QUELQUES LUEURS D’ESPOIR,QUAND MÊME …
La situation internationale n’incite guère à l’optimisme . Raison de plus pour ne pas bouder les timides contre-tendances,qui se sont manifestées dans la toute dernière période dans des domaines aussi divers que celui de la guerre ou de la paix; de la lutte contre le réchauffement climatique; ou des négociations sur le projet de « grand marché transatlantique ».

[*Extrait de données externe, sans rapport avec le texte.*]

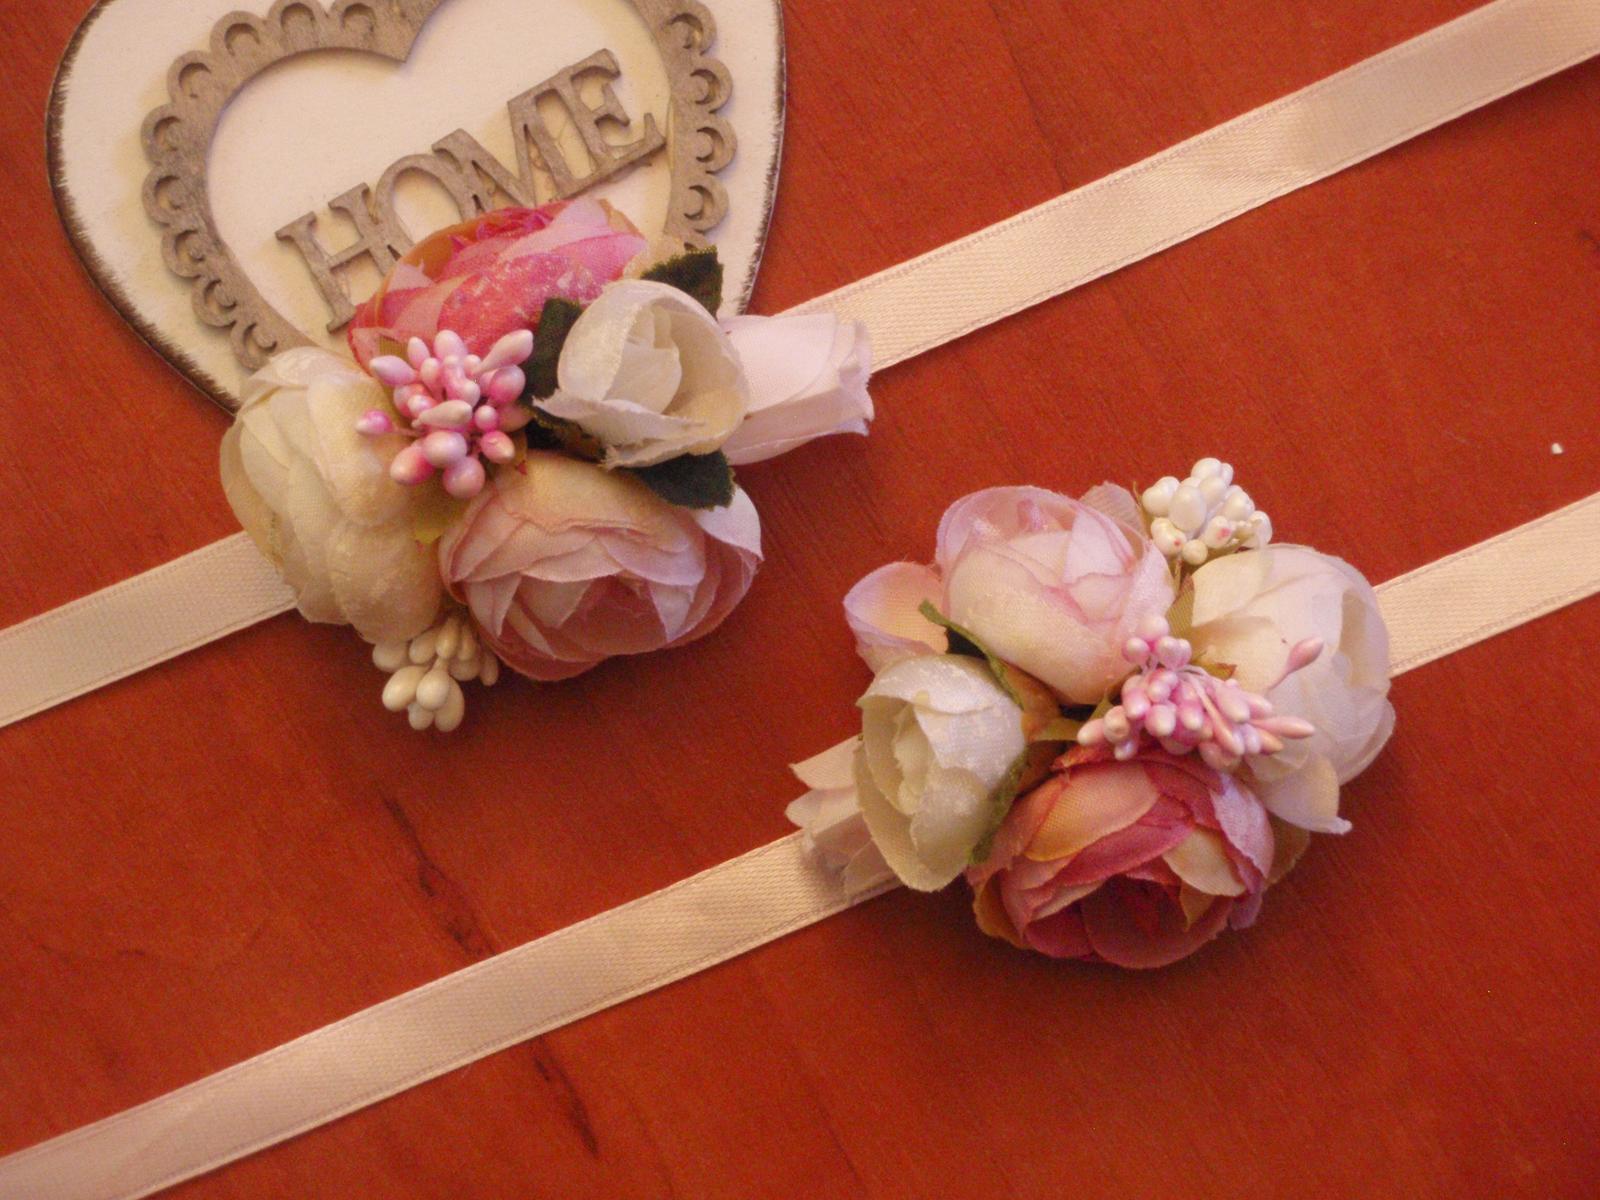 177.Kvetinové náramky pink, ivory a cyklamen - Obrázok č. 1

Concernant le premier de ces enjeux, trois événements récents au moins méritent de retenir notre attention. D’abord, l’accord conclu entre le Fatah et le Hamas qui a abouti à la constitution d’un gouvernement d’unité nationale est un succès majeur pour le mouvement palestinien. L’intelligence politique – et le sens des réalités – des dirigeants de toutes les parties en présence ont, en outre, permis de satisfaire aux conditions (reconnaissance d’Israël; renonciation à la violence; acceptation des accords d’Oslo…) d’un soutien international au nouvel exécutif : les ministres ne sont membres d’aucun parti; la politique suivie sera celle du Président Abbas; la mission du gouvernement est de préparer des élections en Cisjordanie et à Gaza. La « profonde déception » manifestée par Tel Aviv à l’encontre de Washington suite à l’ engagement des USA à travailler avec le « cabinet de consensus » palestinien, confirme la portée de l’étape franchie. Quelles que soient les lourdes interrogations qui demeurent, c’est une lueur d’espoir qui doit stimuler notre solidarité. Le sort de la paix se joue également ces jours-ci à Vienne, où ont repris les négociations entre l’Iran et les États membres permanents du Conseil de sécurité plus l’Allemagne. Là non plus, rien n’est joué, mais les chances d’un accord sur le dossier nucléaire sont sérieuses. Enfin, la tonalité résolument anti-guerre du récent discours de politique étrangère tenu par le Président américain devant les cadets de l’école militaire de West Point a ceci de prometteur qu’il traduit (nous sommes à quelques mois des élections de mi-mandat…) l’aversion du peuple américain pour les aventures militaires après les fiasco retentissants qu’elles ont provoqués en Afghanistan,en Irak,en Libye et ailleurs.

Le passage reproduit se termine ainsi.